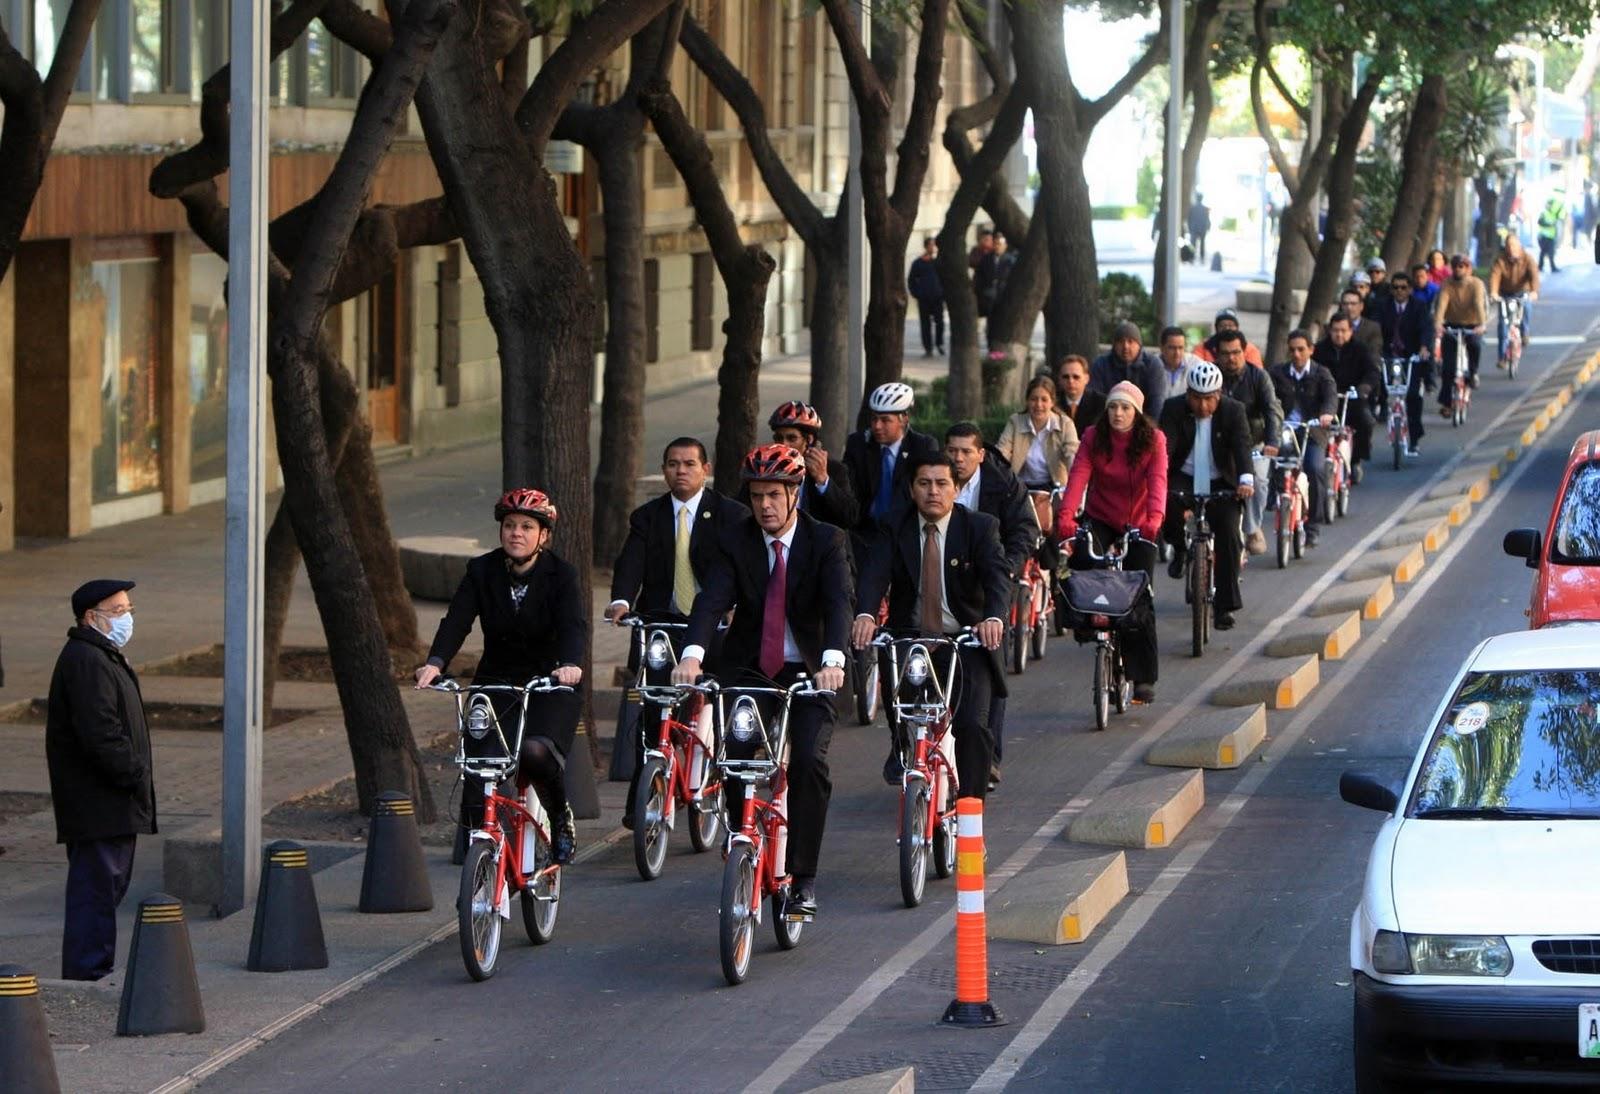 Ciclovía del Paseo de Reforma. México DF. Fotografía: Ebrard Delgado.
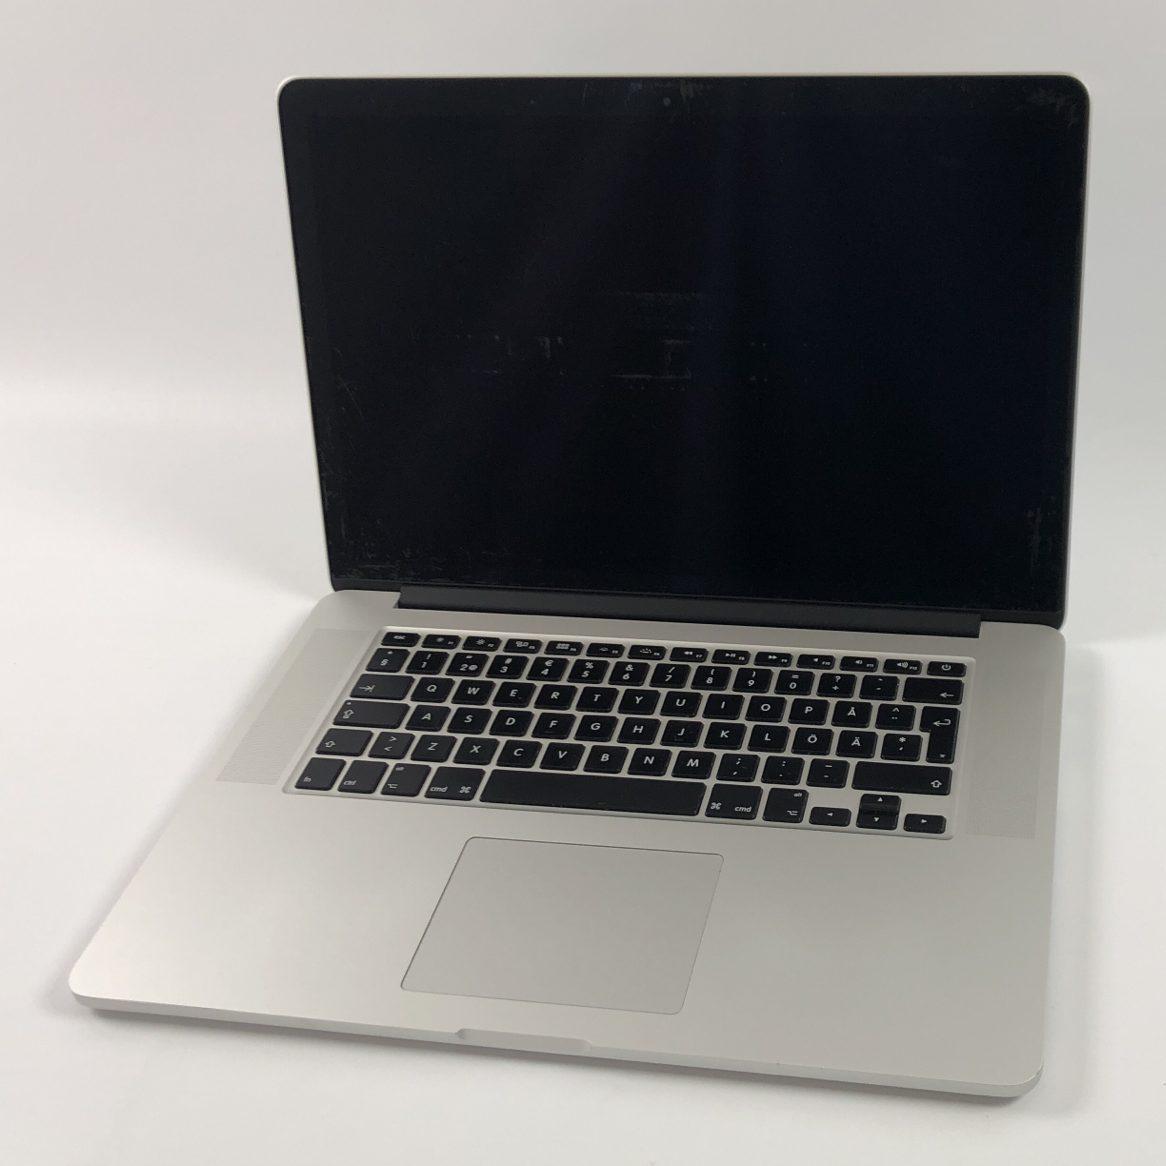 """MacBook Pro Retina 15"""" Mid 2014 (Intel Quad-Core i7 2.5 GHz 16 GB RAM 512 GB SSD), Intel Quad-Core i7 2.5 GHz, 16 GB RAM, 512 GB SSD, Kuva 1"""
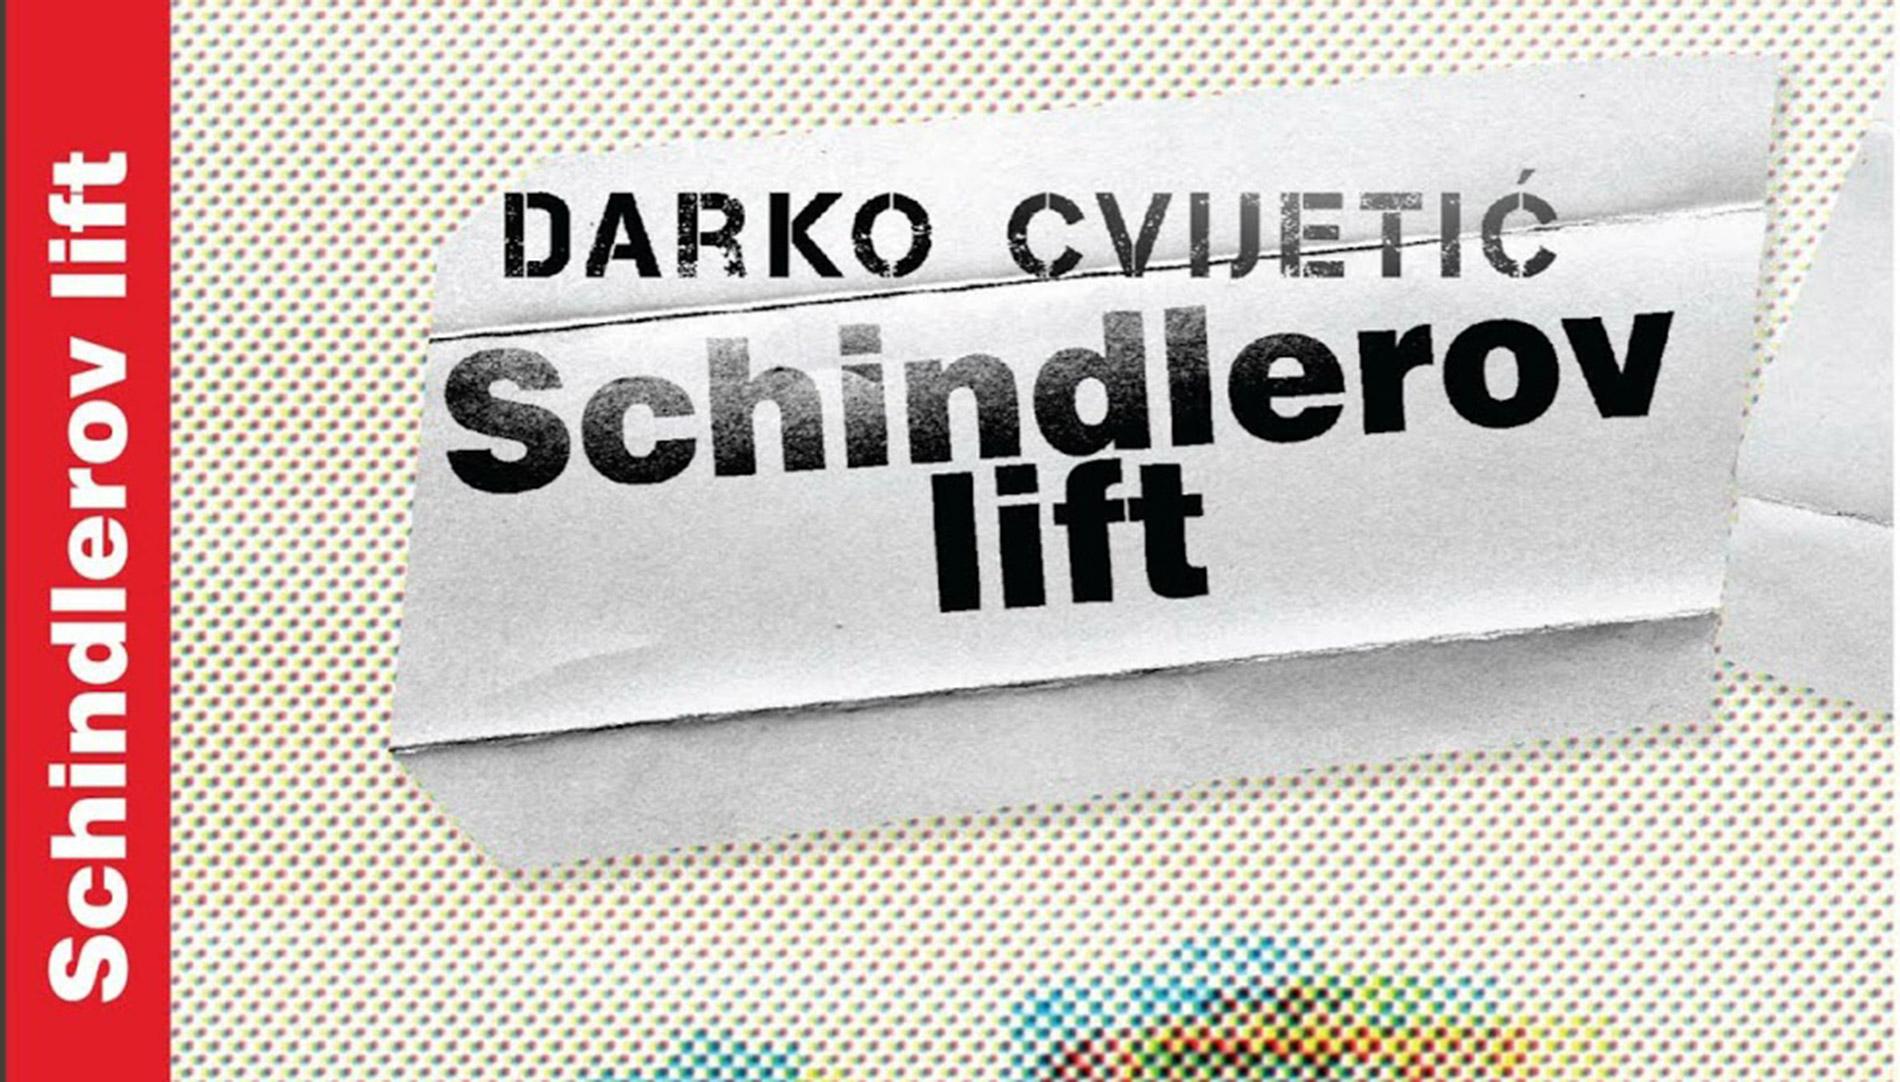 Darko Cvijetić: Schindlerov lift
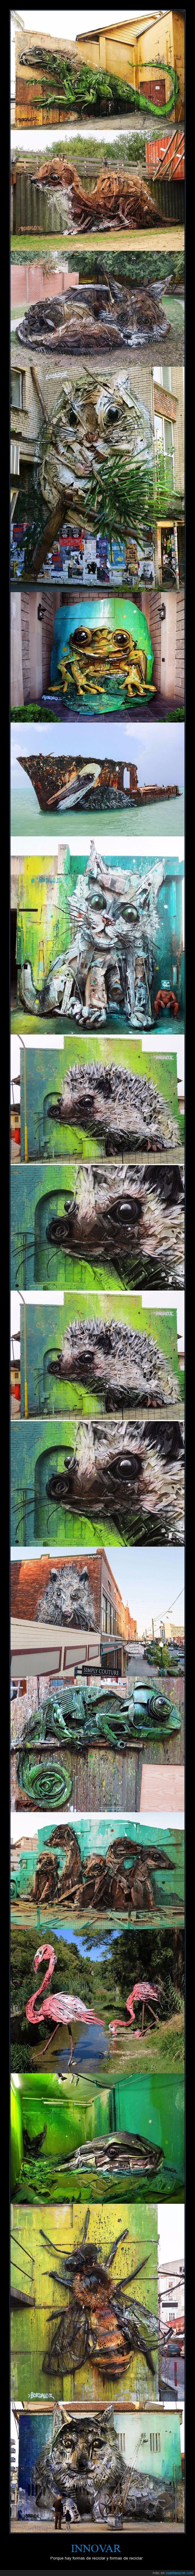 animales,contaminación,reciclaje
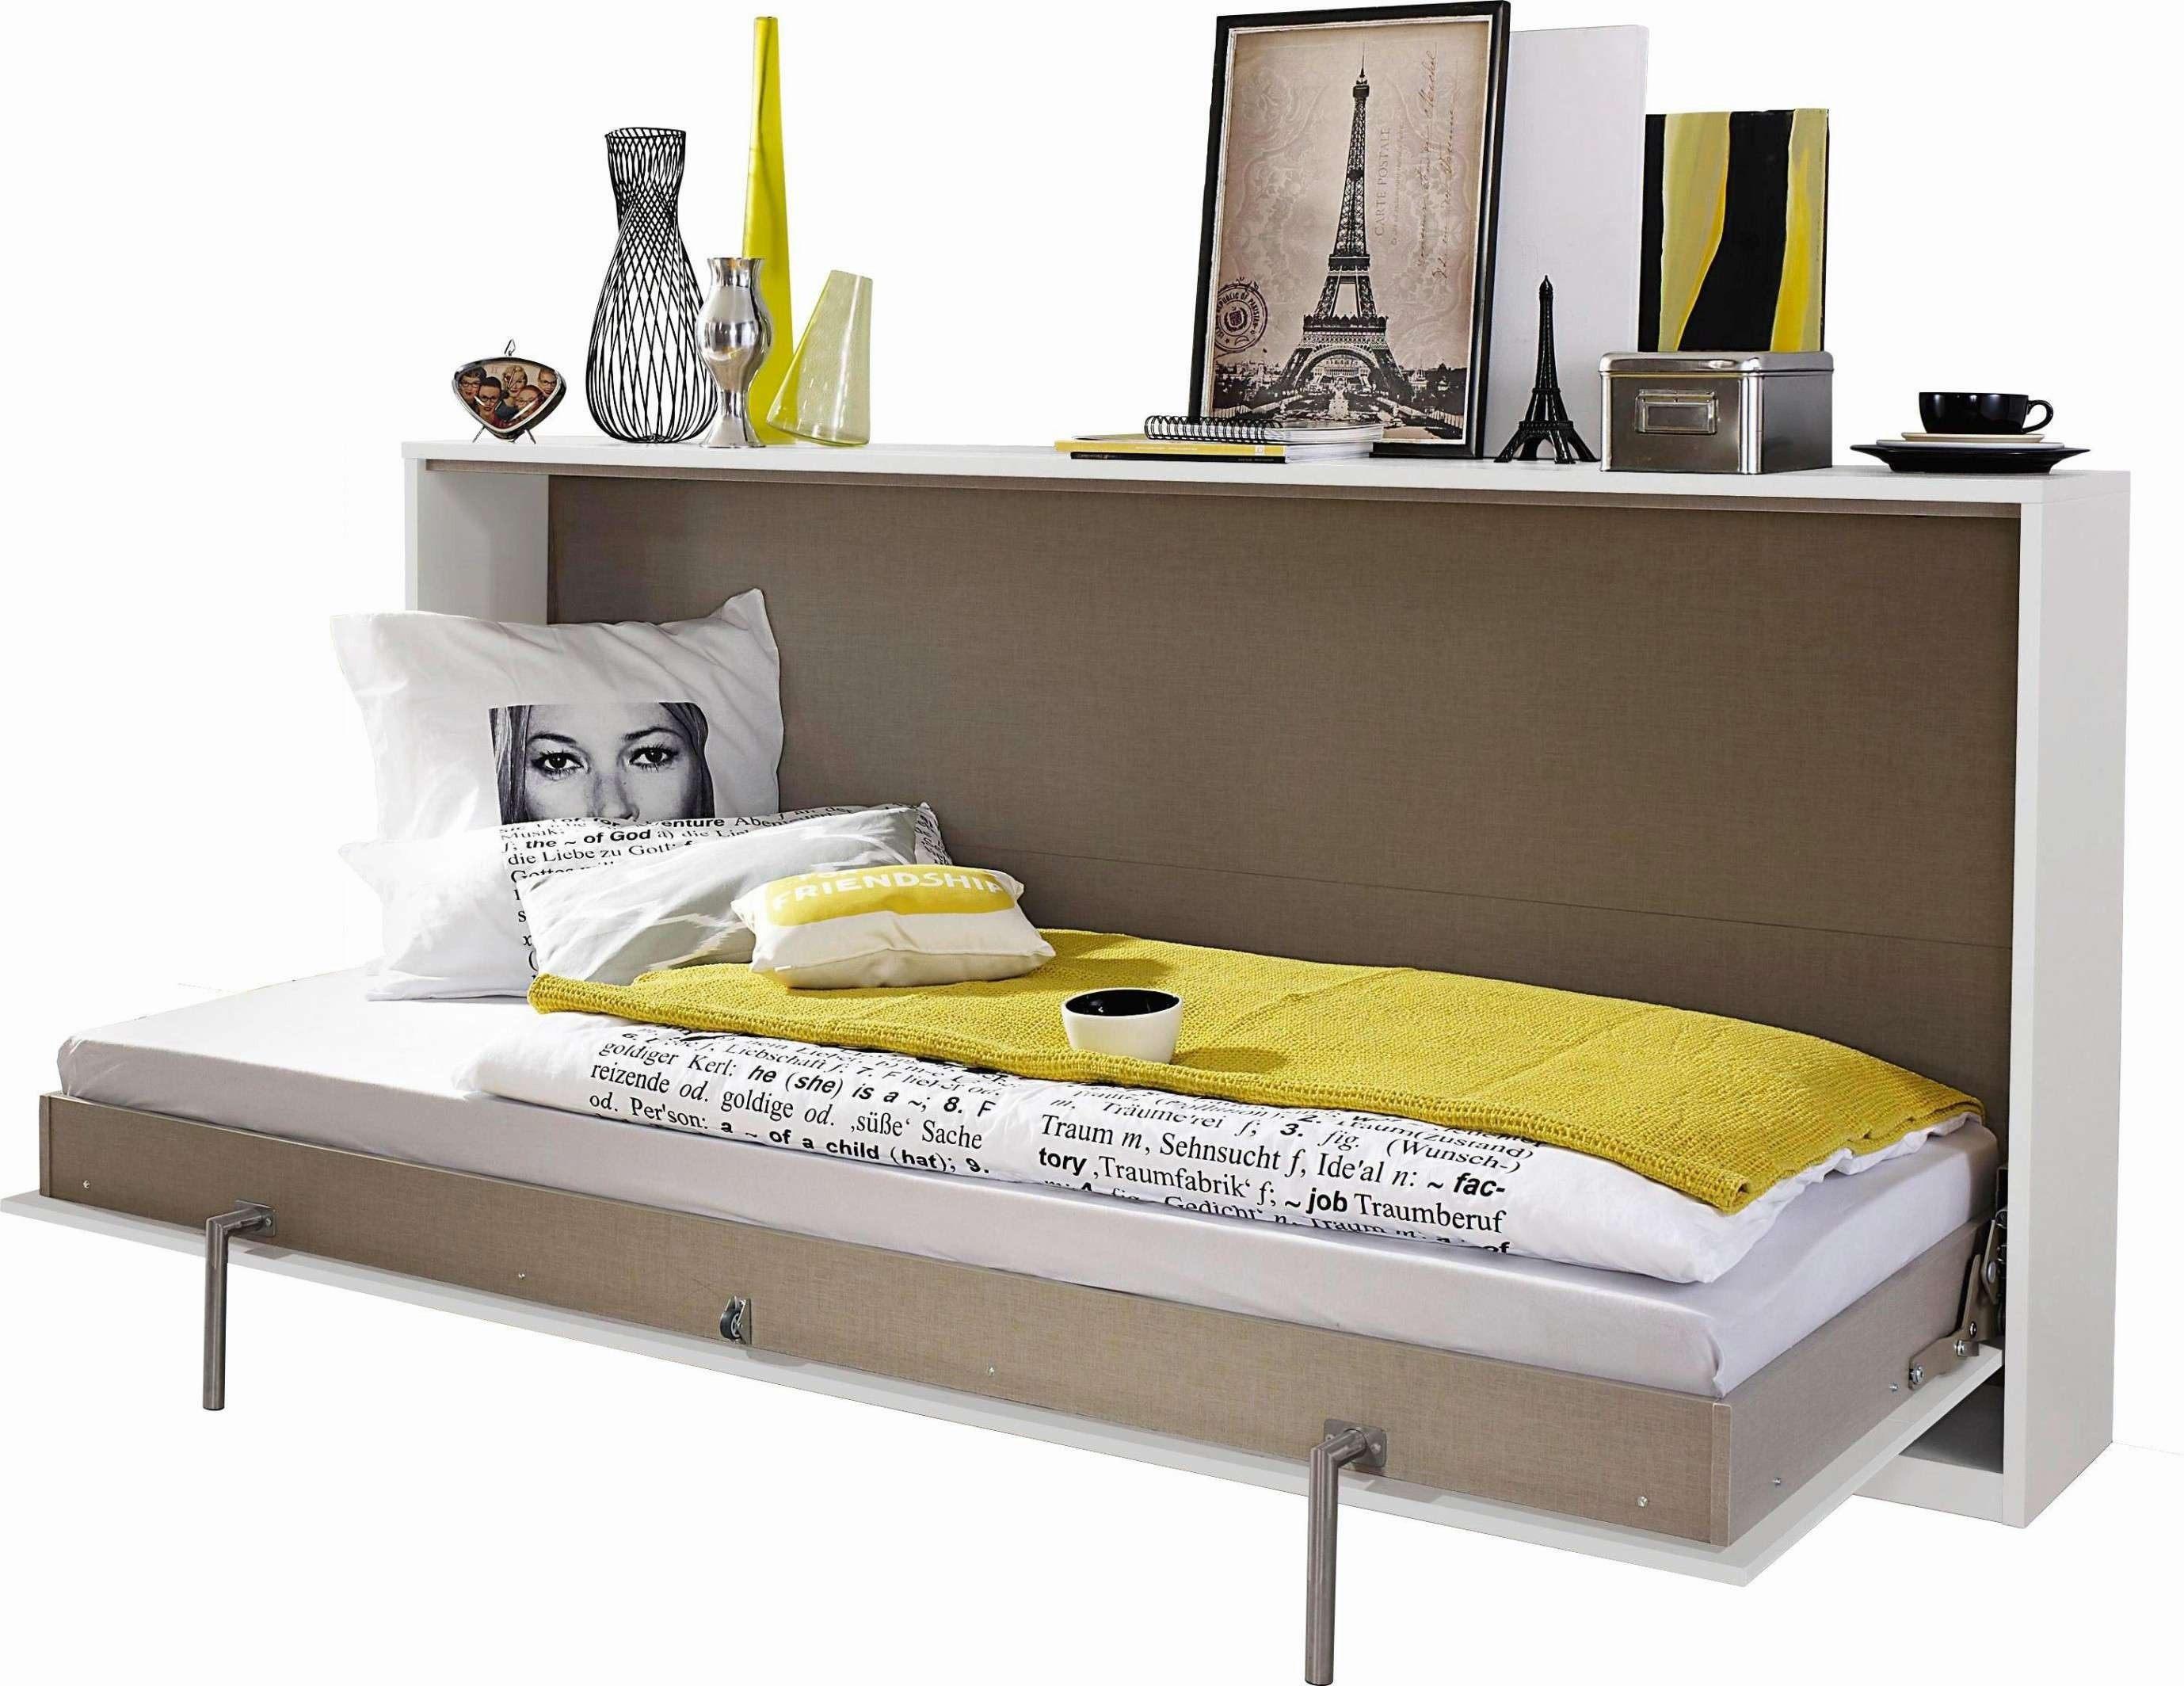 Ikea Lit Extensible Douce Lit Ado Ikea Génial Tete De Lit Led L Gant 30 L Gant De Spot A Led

» **Exercise instructions**: In the listing, find the line containing "Darko Cvijetić: Schindlerov lift" and repeat it and every later line through the last one, word for word, excluding the pictures.

» **Task solution**:
 Darko Cvijetić: Schindlerov lift
 animales,contaminación,reciclaje
 Ikea Lit Extensible Douce Lit Ado Ikea Génial Tete De Lit Led L Gant 30 L Gant De Spot A Led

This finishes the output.